An unaware heiress

8 June 2020

A new customer came to see me last month. A widow with long-grown and married children. The reason was her wish to use a small part of the equity in her home for donations to children and grandchildren.
The first analysis indicated more than enough space; the monthly charge was easily affordable and the space in the home value ample. I asked about the certificate of inheritance with which the will of her husband, who died 5 years ago, was executed. My client told me it was never made up. Her bank, the pension provider and other bodies had not deemed the certificate of inheritance necessary to preserve her rights that she already had with her husband as a joint beneficiary. The mortgage bank where her loan had to be increased was also practical: a copy of the will and a current confirmation from the central wills register that should show that the will is still current were sufficient to give the customer her new mortgage.
I have asked my client to think hard again, regardless of whether it is necessary for the mortgage bank, to have a certificate of inheritance drawn up by her notary. In that statement, it would be confirmed in this case that she did not reject her inheritance according to the will. Because it has not yet happened, she and her children remain heirs in the undivided estate of her husband. One hopes not for her, but if one of her children dies before she does, and the daughter-in-law demands her inheritance, a conflict comes and perhaps that will lead to the forced sale of the house to which the client is so very attached.

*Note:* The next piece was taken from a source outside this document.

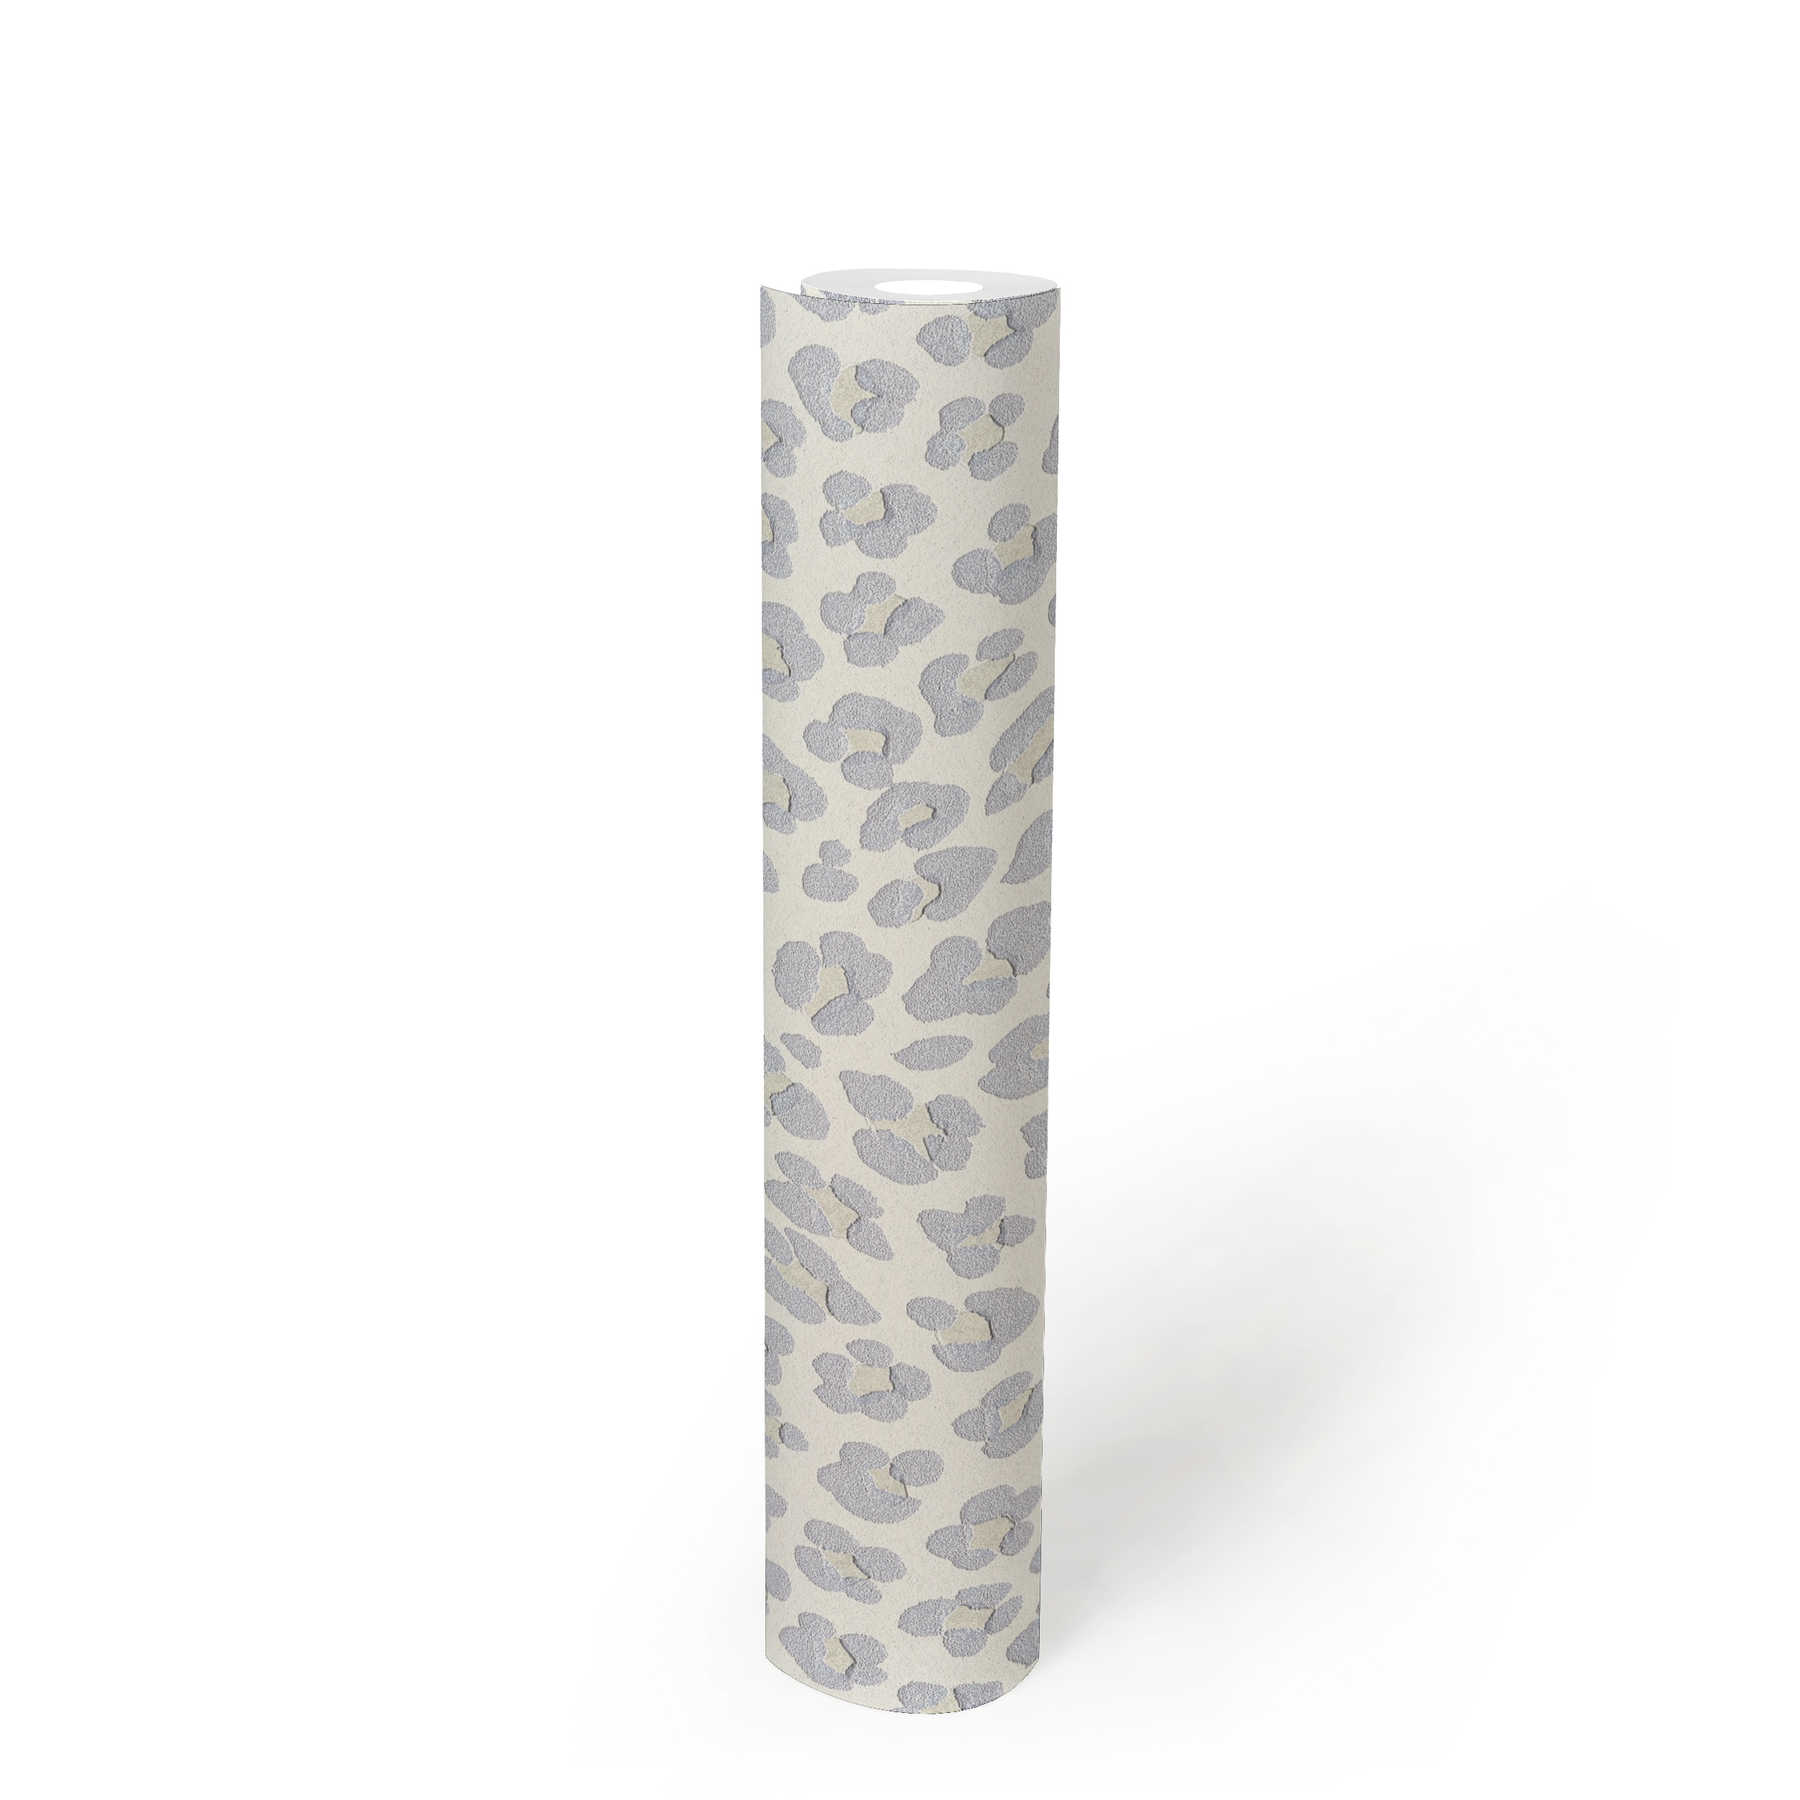             Wallpaper animal print leopard with metallic accent - cream

Above all, she did not want any risk of a conflict between the children and that is why she decided to have the statement made. That is not free, but not a waste of money because in the end the statement has to be made. I think that’s sensible.
Two more points. In recent years, the family has behaved as if the well-drafted will had been executed. That is not fiscally correct. This is still a point – dependant on each of the children’s situation – to ponder on. Fortunately for the client, she was not in a hurry to increase the mortgage, her mortgage bank’s competitive rates meant there was no need to switch to another, and her existing mortgage bank was flexible enough not to formally demand a certificate of inheritance. But that can turn out differently, I know from experience.
I am happy that the client can fulfill her wish and that we have prevented unintended, from family law point of view very nasty, risks by actually executing the will.